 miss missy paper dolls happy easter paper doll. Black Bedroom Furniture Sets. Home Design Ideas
___
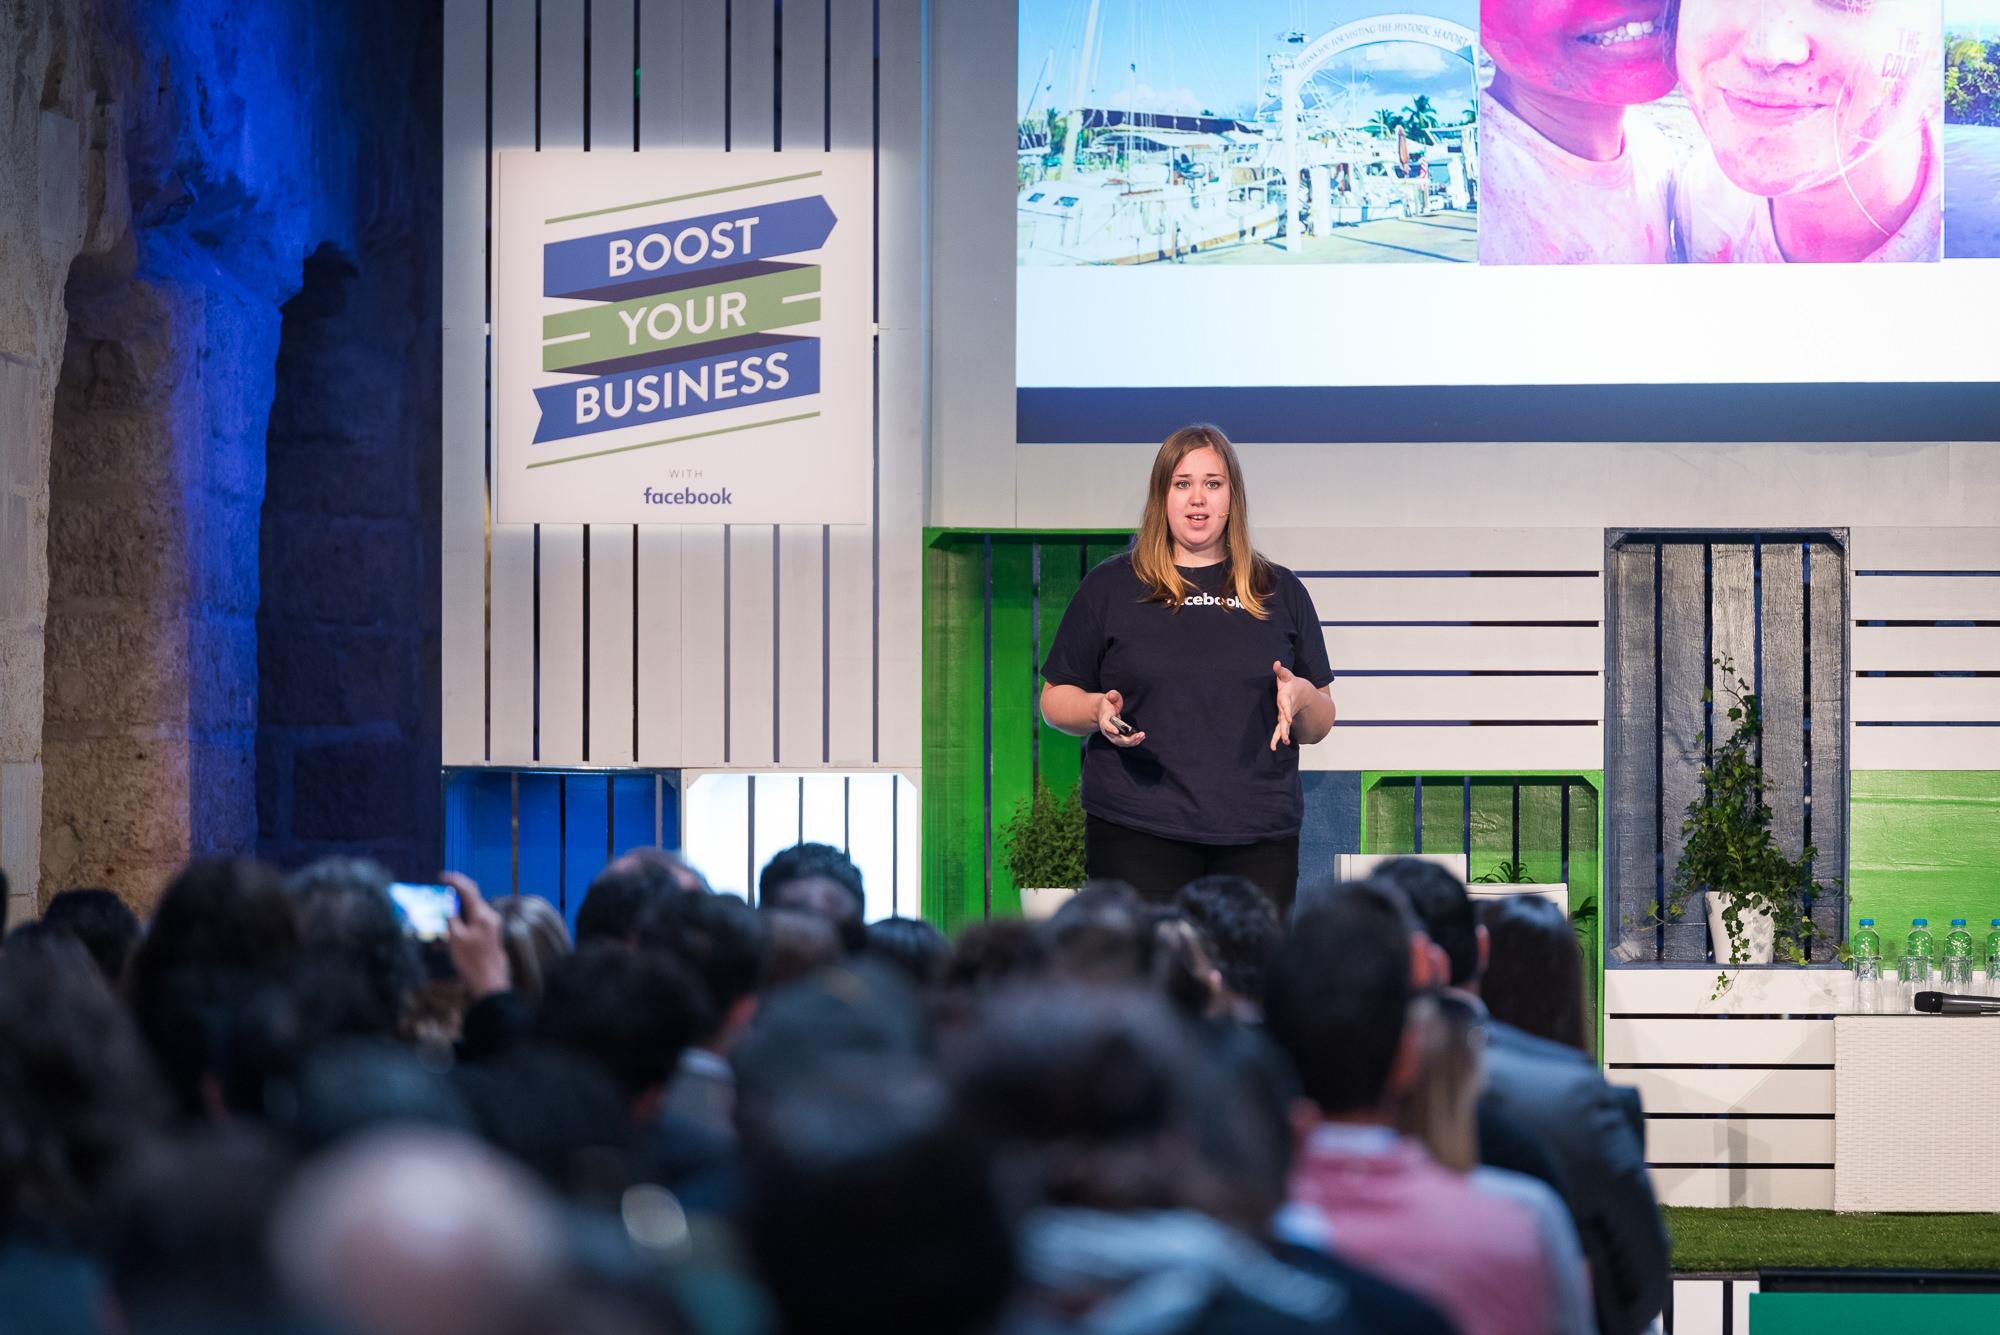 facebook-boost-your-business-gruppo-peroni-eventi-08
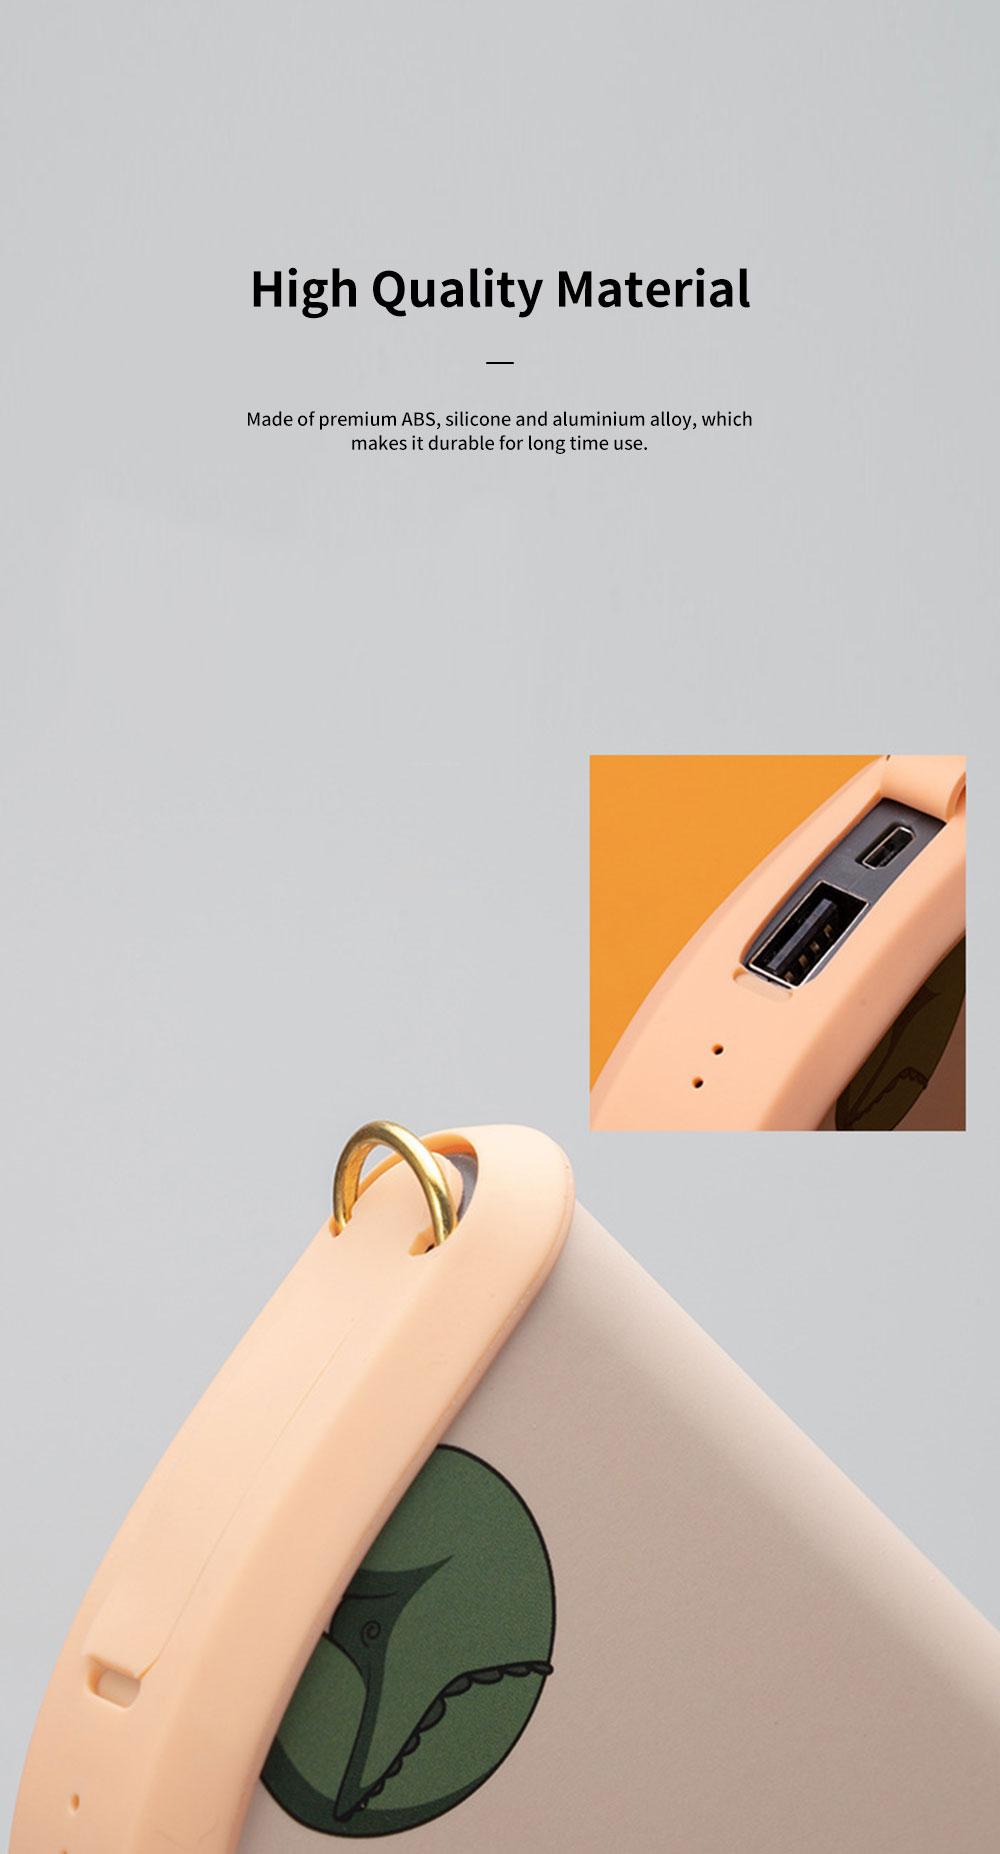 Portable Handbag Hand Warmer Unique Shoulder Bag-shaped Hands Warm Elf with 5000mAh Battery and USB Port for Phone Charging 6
___
__Exercise goal__
Going by the entries above, repeat exactly the lines that start at the line with "facebook-boost-your-business-gruppo-peroni-eventi-08" and go on through the line with "Portable Handbag Hand". Pictures are not part of the copy.

__Task result__
 facebook-boost-your-business-gruppo-peroni-eventi-08
 Portable Handbag Hand Warmer Unique Shoulder Bag-shaped Hands Warm Elf with 5000mAh Battery and USB Port for Phone Charging 6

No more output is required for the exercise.